Intermittent presumptive treatment (IPT) in pregnancy involves giving a curative treatment dose of an effective antimalarial drug at predefined intervals during pregnancy. IPT in pregnancy was first introduced in areas of high malaria transmission as a measure to reduce the adverse impact of Plasmodium falciparum malaria in pregnancy [1,2,3,4,5,6,7,8]. Later, based on trials showing that IPT could reduce anaemia in young children and also malaria episodes in infants, it was extended as a measure to reduce morbidity and mortality in the first year of life [9,10,11,12].
Antimalarial chemoprophylaxis for pregnant women living in endemic areas has been recommended for many years, but in practice has been limited to the use of chloroquine and pyrimethamine [13,14]. Unfortunately, there are few places left in the world where these drugs can still be relied upon to prevent P. falciparum malaria. There are insufficient safety data on the newer antimalarials to warrant their systematic use in pregnant women. IPT with sulphadoxine-pyrimethamine (SP) has been introduced as an alternative. Antimalarial chemoprophylaxis in young children has been shown to reduce the adverse impact of P. falciparum malaria [15,16,17], but this intervention never obtained the same endorsement as chemoprophylaxis in pregnancy.

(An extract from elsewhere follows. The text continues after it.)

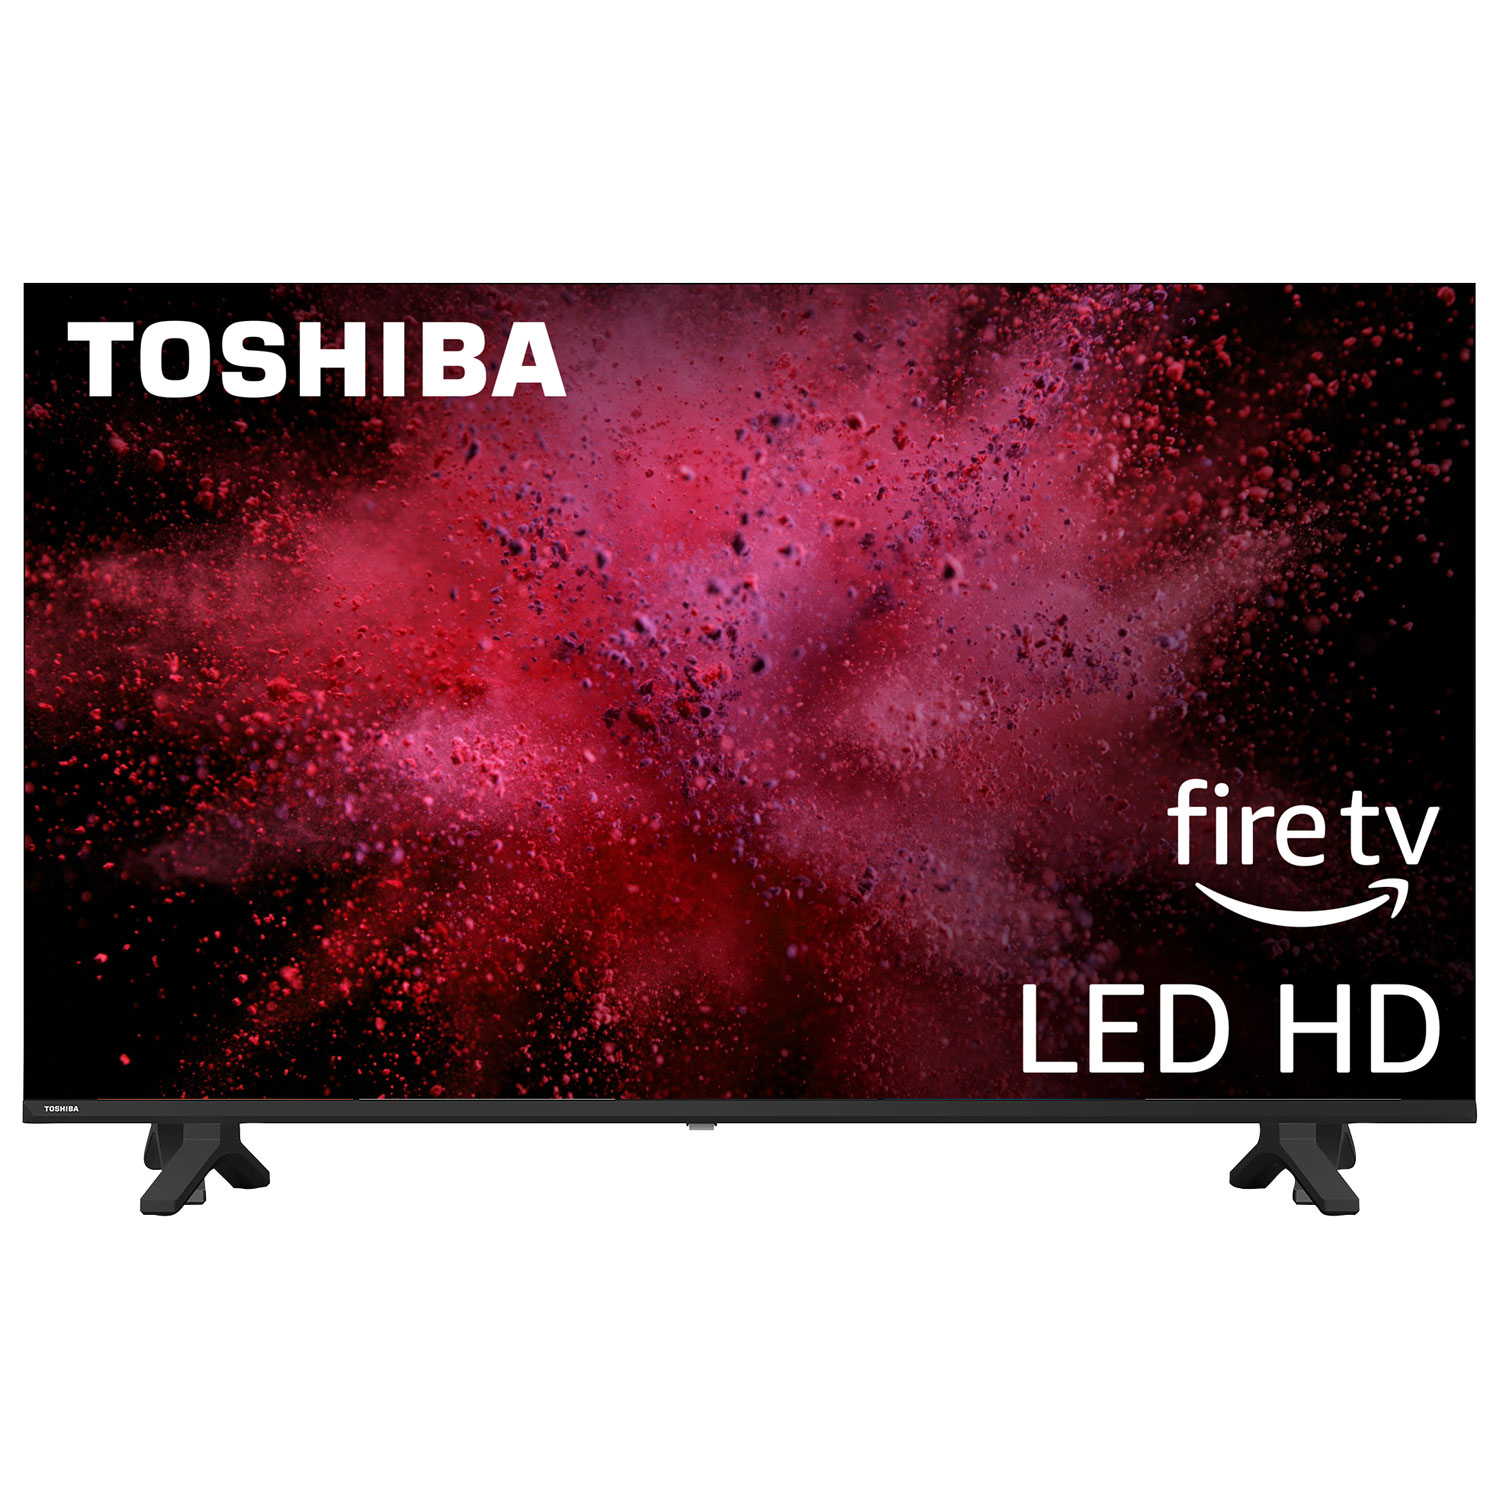 Toshiba 32" 720p HD LED Smart TV (32V35C) - Fire TV Edition - 2021

Five randomised trials of IPT in pregnancy in East Africa have been reported [1,2,3,4,5], all with SP, all in high-transmission settings, and all done between 1992 and 1999 (Table S1). The alarming recent increase in resistance to SP in Africa confounds the cost-effectiveness assessments upon which subsequent policy recommendations for IPT in pregnancy were based [18,19].
There is no consensus on how IPT works, making planning difficult. This article argues that IPT provides mainly intermittent suppressive chemoprophylaxis (as opposed to treatment effect alone or some other magical effects which have never been specified). If this is correct dosing schedules should be individualised for each antimalarial depending on the drug's pharmacokinetic and pharmacodynamic properties. As increasing resistance to SP must seriously compromise IPT regimens based on this drug, the evaluation of available new effective antimalarials is needed urgently, in both high- and low-transmission areas.